Abramović came out of a tough background. Her parents had close ties to the post-war communist regime of what was then Yugoslavia and her mother raised Abramović in a home run more like a boot camp than a family. In 2011, she turned what amounted to an abusive upbringing into a stage production called the Life and Death of Marina Abramović, co-starring Willem Dafoe and Antony Hegarty of Antony and the Johnsons, and in which she played both herself and her mother. "Every rehearsal I cried from the beginning to the end," she says. "Then one day Bobby [the director] said, enough of this bullshit crying. The public has to cry, not you. After three years of touring in Europe, I was free. All these stories don't affect me any more. An incredible feeling."
This was after years of critiquing the repressive nature of both her family and her country through performance art. In her piece The Lips of Thomas (1975), she carved a five-pointed communist star into her own abdomen, a monstrously sly up yours to the regime and appropriation of brutality for her own purposes. In other gallery settings, she and Ulay slammed into each other, shrieked in each other's faces, or sat staring at each other for interminable lengths of time to test, and conquer, the boundaries of what is endurable. It was thrilling, shocking, above all, moral and sailing always in the face of accusations of meaninglessness. The great danger with this sort of art, of course, is that pain is mistaken for meaning.
"In the beginning there were just masochists doing this shit and it was ridiculous. They needed to go to a psychiatric clinic," she nods. "It's more complicated to explain. In every culture, [there are those] shamans or medicine men who endured incredible physical pain, because it's a door opening to the subconsciousness. And the way we can actually control the pain – it's how to control everything. This is the key."

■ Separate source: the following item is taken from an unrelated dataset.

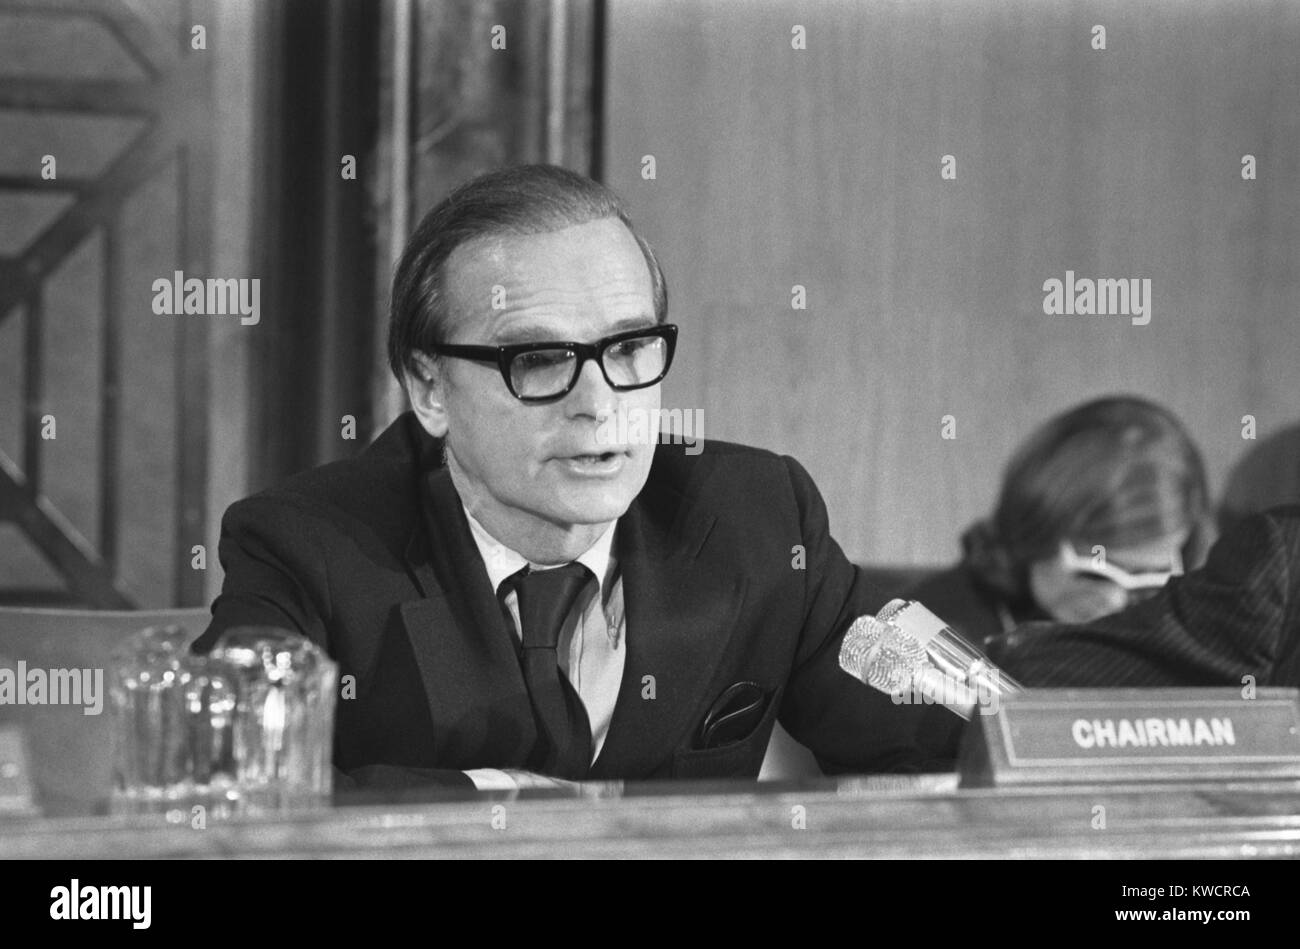 Alan Greenspan testifying before a joint House-Senate Economic Committee, Jan. 6, 1975. Greenspan was then Chairman of the Council of Economic Advisers. - (BSLOC 2015 1 105) Stock Photo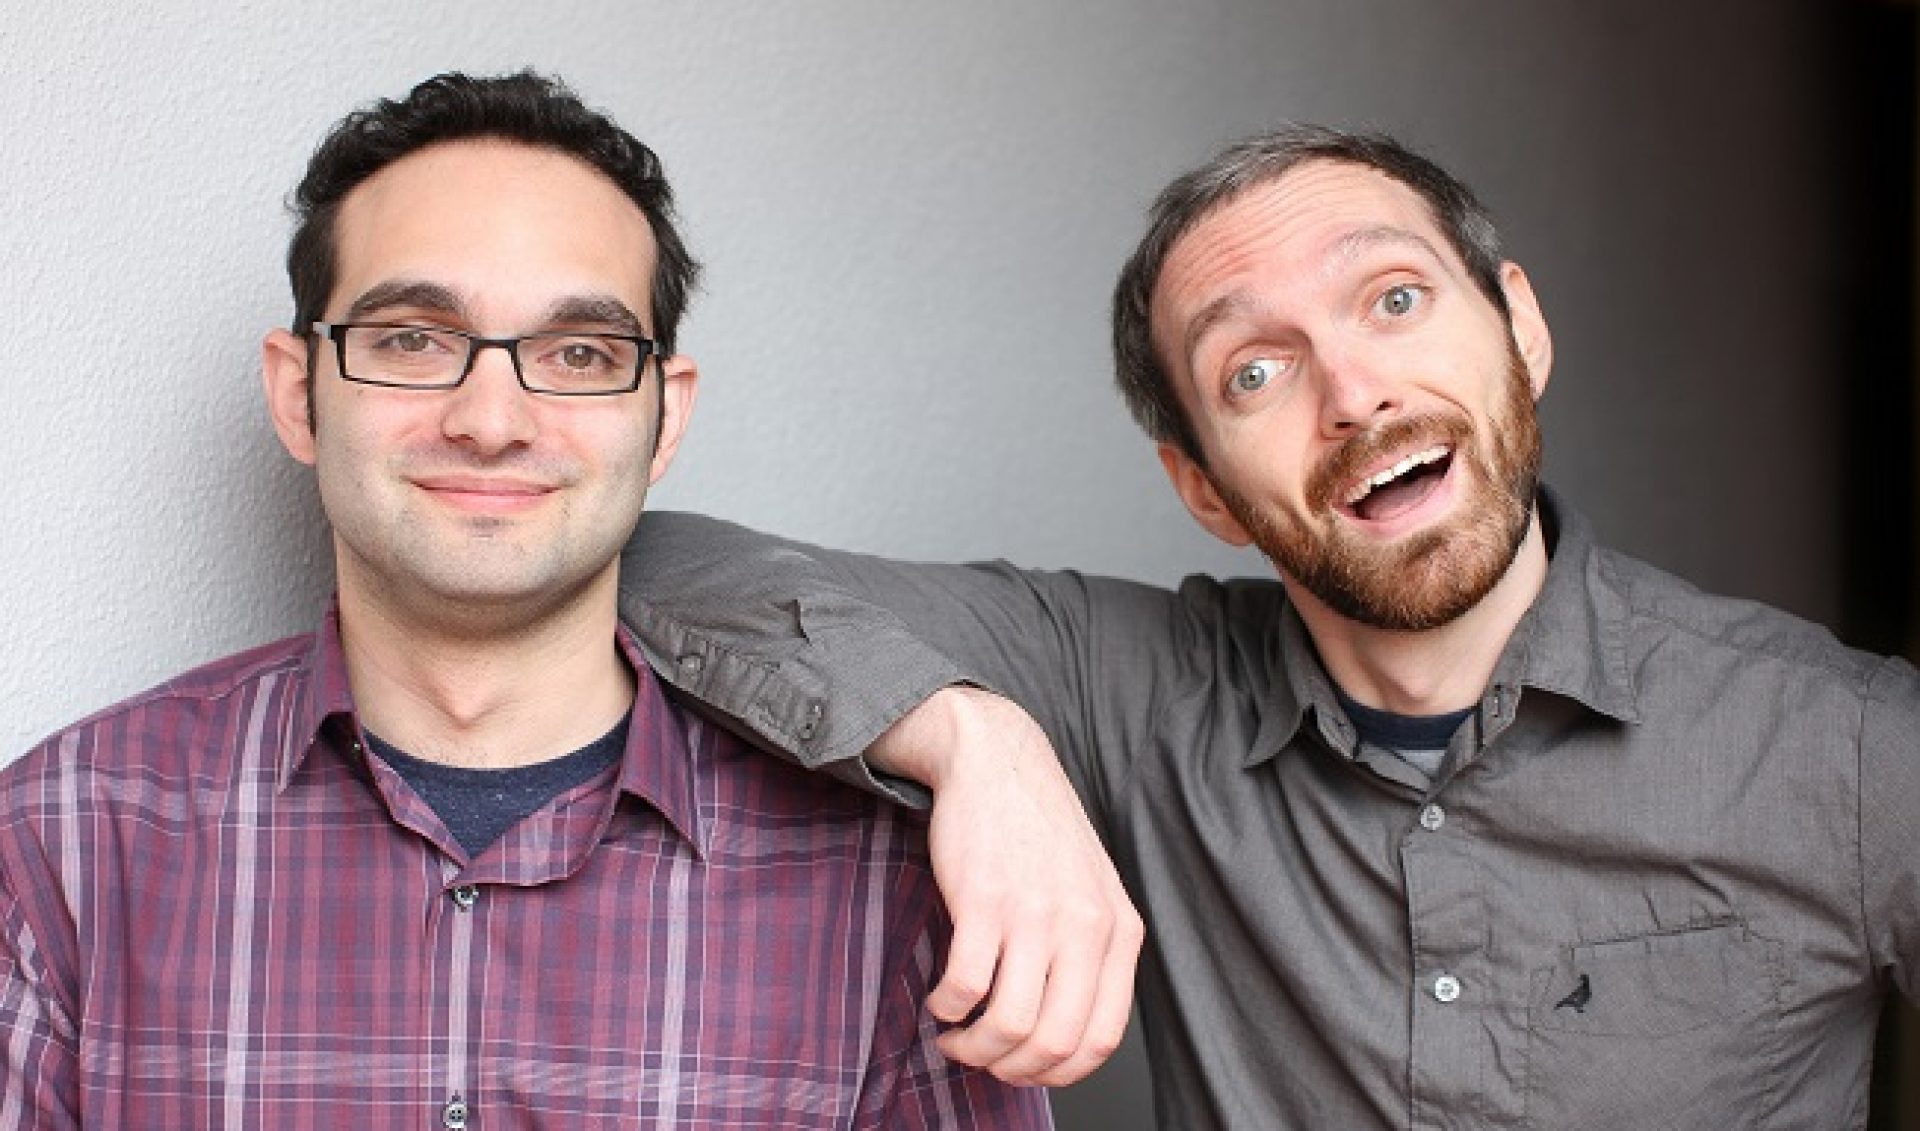 The Fine Bros. Are Making A Movie

She also spent time in Australia with Indigenous Australians, and learnt how to "sit" from them. As she was quoted as saying in a recent interview here in Australia:


That actual root for the entire idea of performance was based here in Australia. Australian Aborigines always live in the present time. Aborigines perform in the present time, they live through the ceremonies, the performance in a certain way is a ceremony.

Ok - she's out there. And that's what I like about her and her art. She is challenging, different and thought- and conversation-provoking. She provokes conversations we should be having, and encourages us to move beyond our comfort zone. It's a shame that she has only become truly celebrated in the last 5-10 years (she is pushing 70) but as they say - better late than never. Possibly all her struggles and obscurity are what have contributed to the power of her subject matter today. Whatever it is, I can't wait to count rice at MONA this Sunday.